Two-story houses like the one pictured do occur, but they’re rare. From what I’ve found so far, the 2nd story of nearly all two-story houses was added on much later, usually paid for by funds sent home from grown children now living and working on mainland Mindanao or in Manila. I should add that on average a ~800 sq ft house like the one pictured will cost about 50,000P to be built by the village carpenter, which is more or less only $1,000.
During our interviews I am almost always a fascinating spectacle for the household’s children, standing as I do at least a head taller than anyone they’ve ever seen before – not to mention I’m a great deal *whiter* than the deeply tanned residents. Sometimes the children can be extremely friendly, like this beautiful young lady.

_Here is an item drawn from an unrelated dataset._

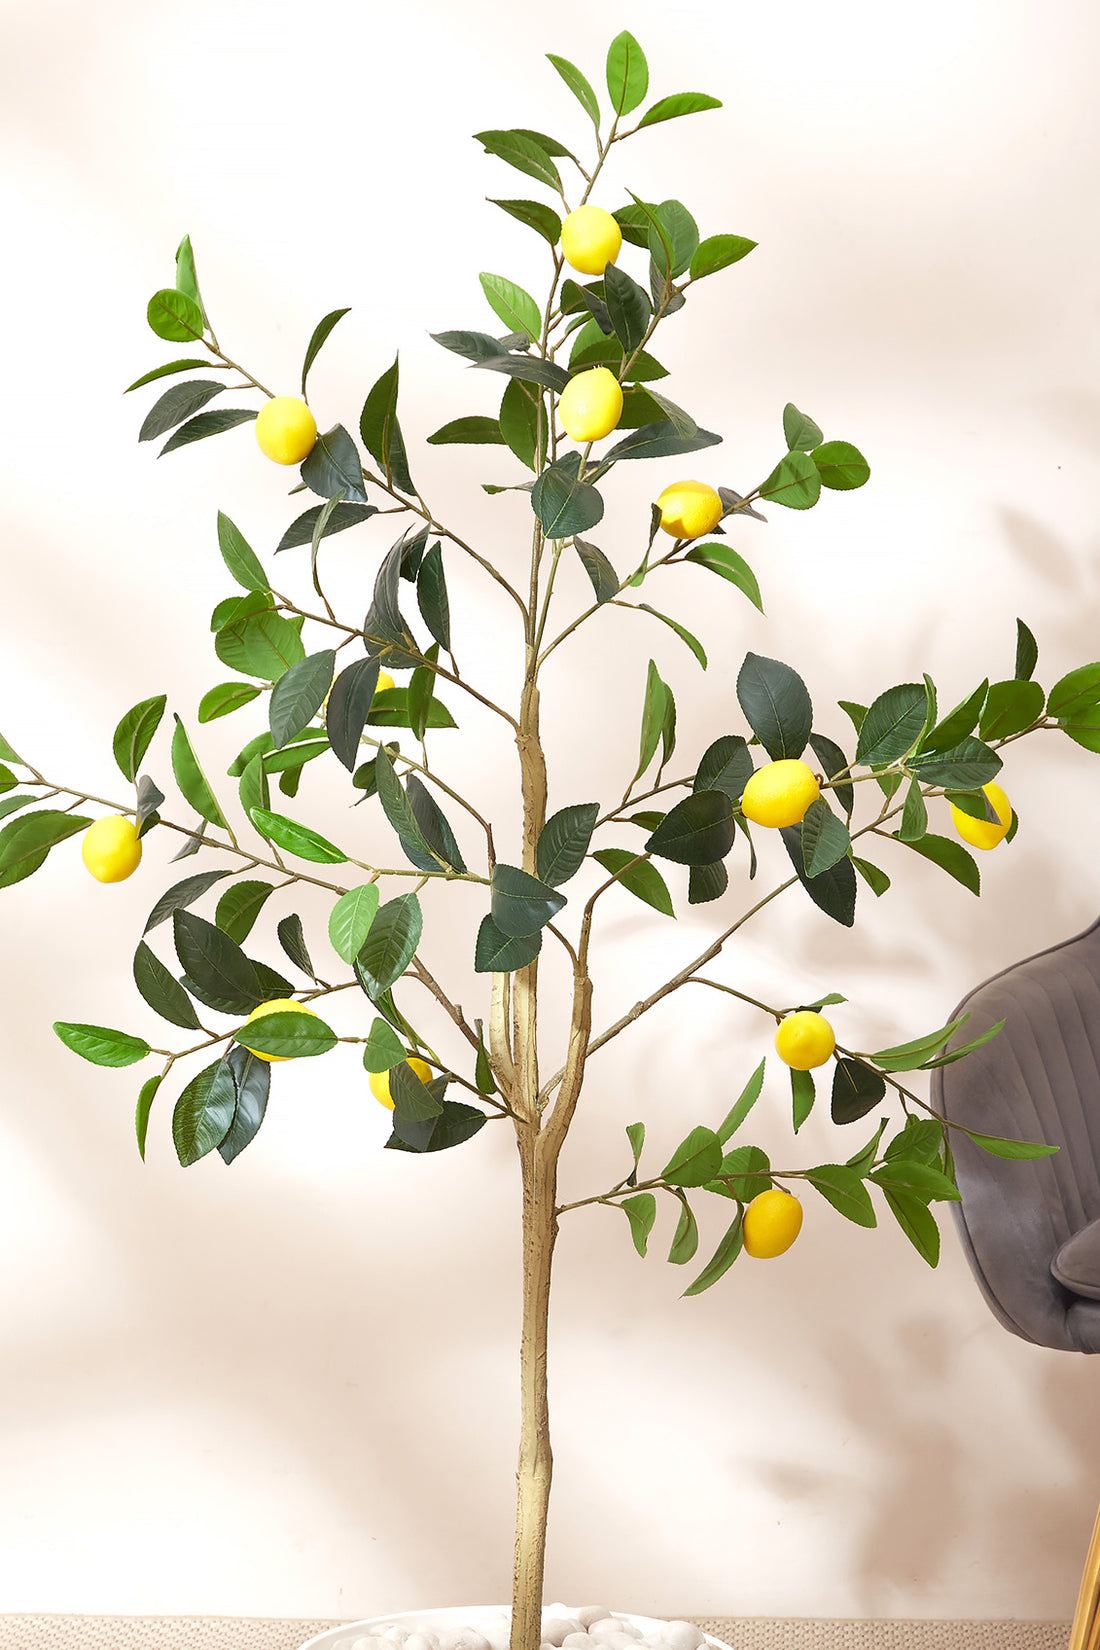 Artificial Lush Lemon Plant - 4 Feet (With Black Base Pot)

Other times they can be suspicious and stand-offish, but I don’t take it personally, and can usually get them to eventually crack a smile with my awesome variety of silly faces.
Lastly, no journal post would be complete without an embarrassing picture of my dear friend Melvin. When Melvin turns in to bed before me he has the hilarious habit of leaving all the lights on for me. This is considerate, but somewhat silly considering he has a really difficult time sleeping with any light on at all. The end result of this situation is me coming in to go to sleep only to find all the lights on and him out cold looking as if he has actually managed to suffocate himself.
In terms of what lies ahead for me and my research: I have 4 weeks left on Camiguin before I head back to Manila for a week and then on to Japan. I will spend all of next week mapping San Isidro with my GPS while Melvin finishes the surveys. In the final 3 weeks I will visit the regional DENR office to *hopefully* get copies of all the documents the Camiguin local office has told me “they don’t have” — I’ll interview the project coordinator from PRRM who was responsible for daily operations in San Isidro during the 3 year CBFM period and who now lives in CDO — I’ll visit the local Dept of Agriculture to *hopefully* get copies of the agricultural production profile for San Isidro — I’ll visit NAMRIA(similar to our USGS) to *hopefully* get contour maps of the island — and I’ll formally interview DonDon, the Camiguin’s PRRM head, on tape.
That’s all for now, I’m not sure if I’ll be back with a new post on the 11th but I’ll try(if not it’ll be the 18th for sure)– I can already promise you though that the theme for the next update will be “Pirates & Bananas!”